As the liquid market drove up valuations, the private markets followed suit, sucking in more and more capital. Low-cost money meant more leveraged buyouts, higher valuations for private equity, and more activity in acquisitions. Currently one in three companies are owned by private equity firms. Corporation levered up so much that leveraged loans, credit typically used for low-rated, heavily indebted companies, have ballooned to almost $3 trillion, doubling in the last decade. This compares to around $1.2 trillion in subprime credit in 2008.


Banks, with shored up capital, utilized low-cost funds to buy up securities and tone down lending, especially to small businesses. According to the FDIC, securities as a percentage of total assets have increased by 40% since 3Q 2008.This contrasts with small business loans as a share of total loans, which have dropped by almost 30% in the same period. The message seems to be: why bother lending to Main Street when capital works better on and for Wall Street?


The incoming Biden administration will likely push for more even distributions of any fiscal stimulus. This isn’t socialism, it is populist policy, mindful of the vast majority of Americans who are not privy to Wall Street maneuvers. Given Janet Yellen’s noted concerns for inequality, she will be inclined to damn the dams. Instead of providing “cushions” ahead of potential lending, Yellen’s fiscal policy could shift to a “use it or lose it” model. This would push more liquidity into Main Street, catalyzing small business activity in effort to revive the post-COVID 19 economy.
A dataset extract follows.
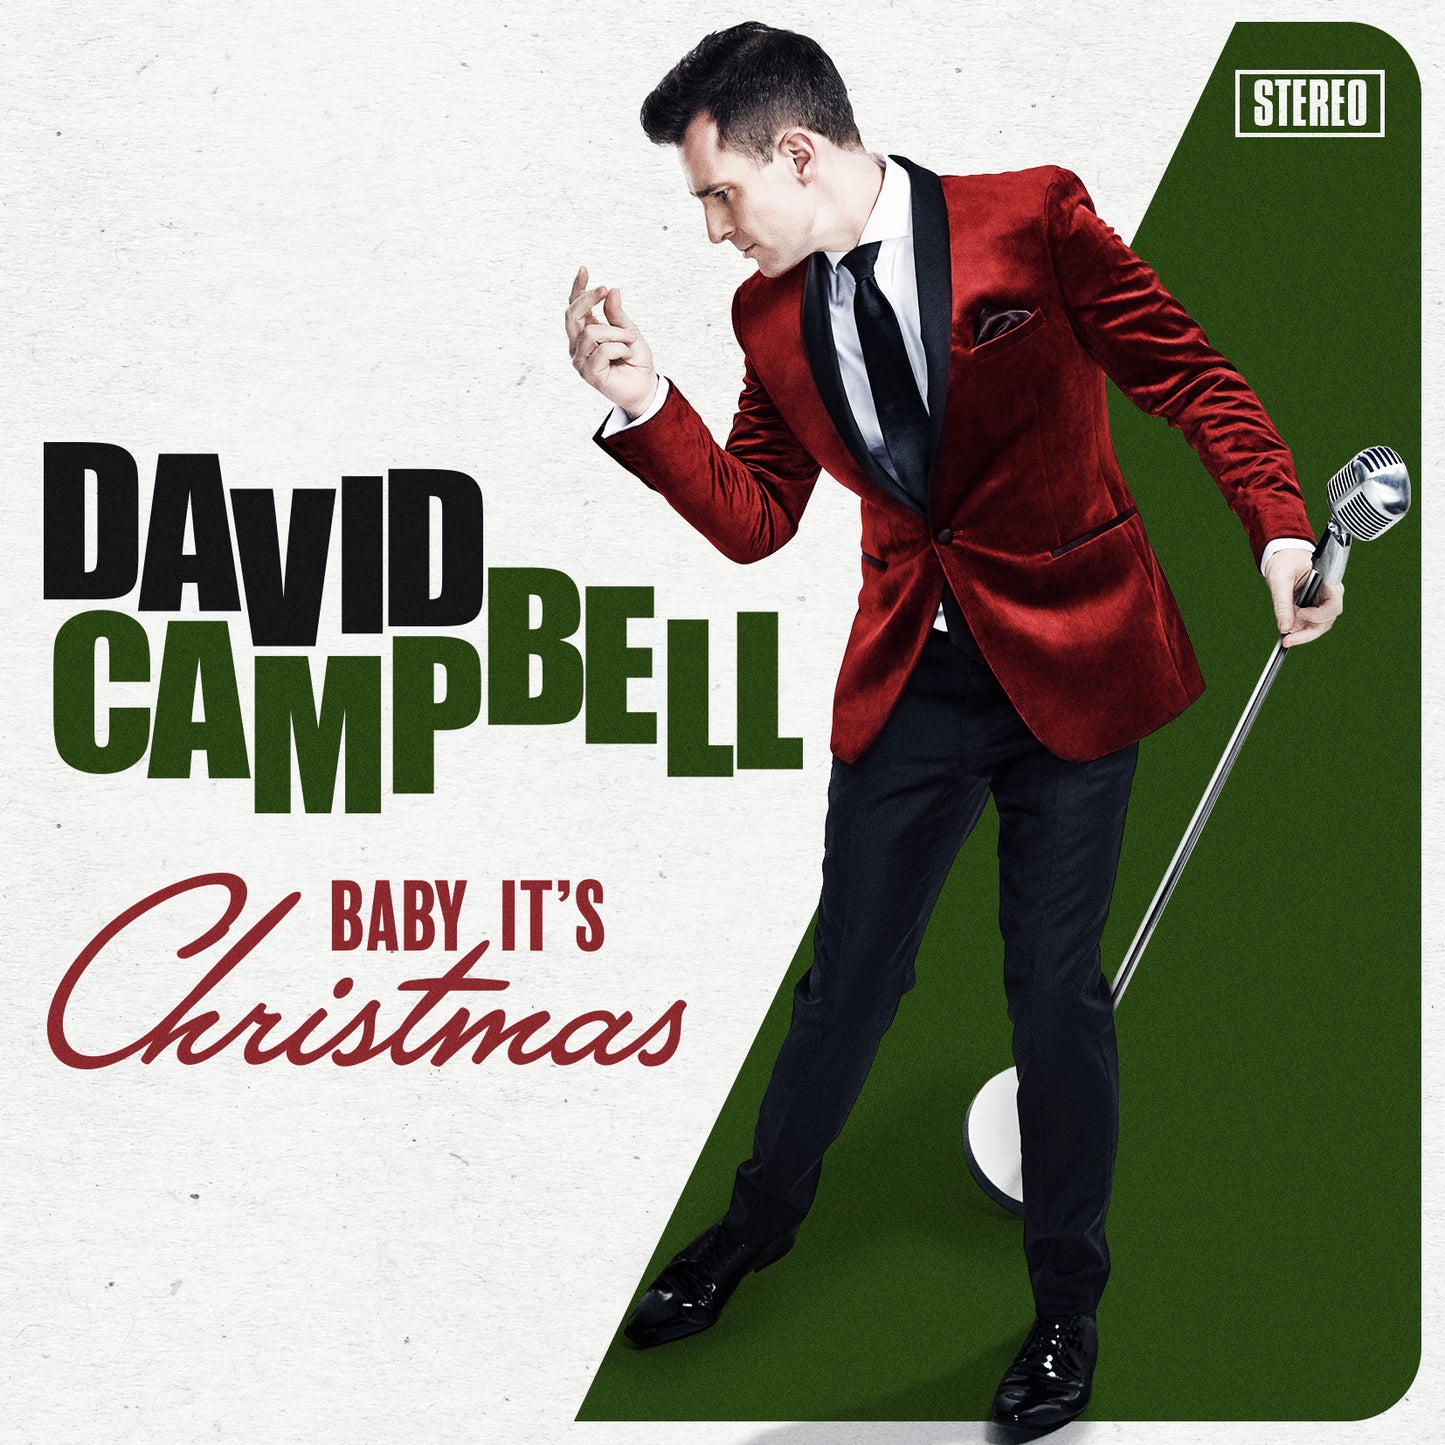 DAVID CAMPBELL - BABY IT'S CHRISTMAS CD

If liquidity is forced out of Wall Street pools, market valuations could drift lower, but there is a difference between market valuations and economic stability. Creating greater access for small businesses, which, according to the SBA, make up 49.2% of private-sector employment and 42.9% of private-sector payroll, would fortify the America’s economic foundation. This would also boost consumer ability and confidence, which will in turn feedback into the growth in market valuations based on fundamental strength. Discerning investors will find opportunities aplenty in productive assets while taking advantage of cheap credit.


It has been proven, from Reganomics to Covid-onimcs, trickle-down doesn’t work when there are incentives for dams. The federal government may not have much more room to adjust monetary policy (negative rates?), fiscal policy, especially in the new administration, ought to prioritize Main Street liquidity. It would be more stable to recover through productivity and profitability in the economy at large rather than liquidity-fueled valuation bubbles. After all, the ecosystem contains more than just beavers.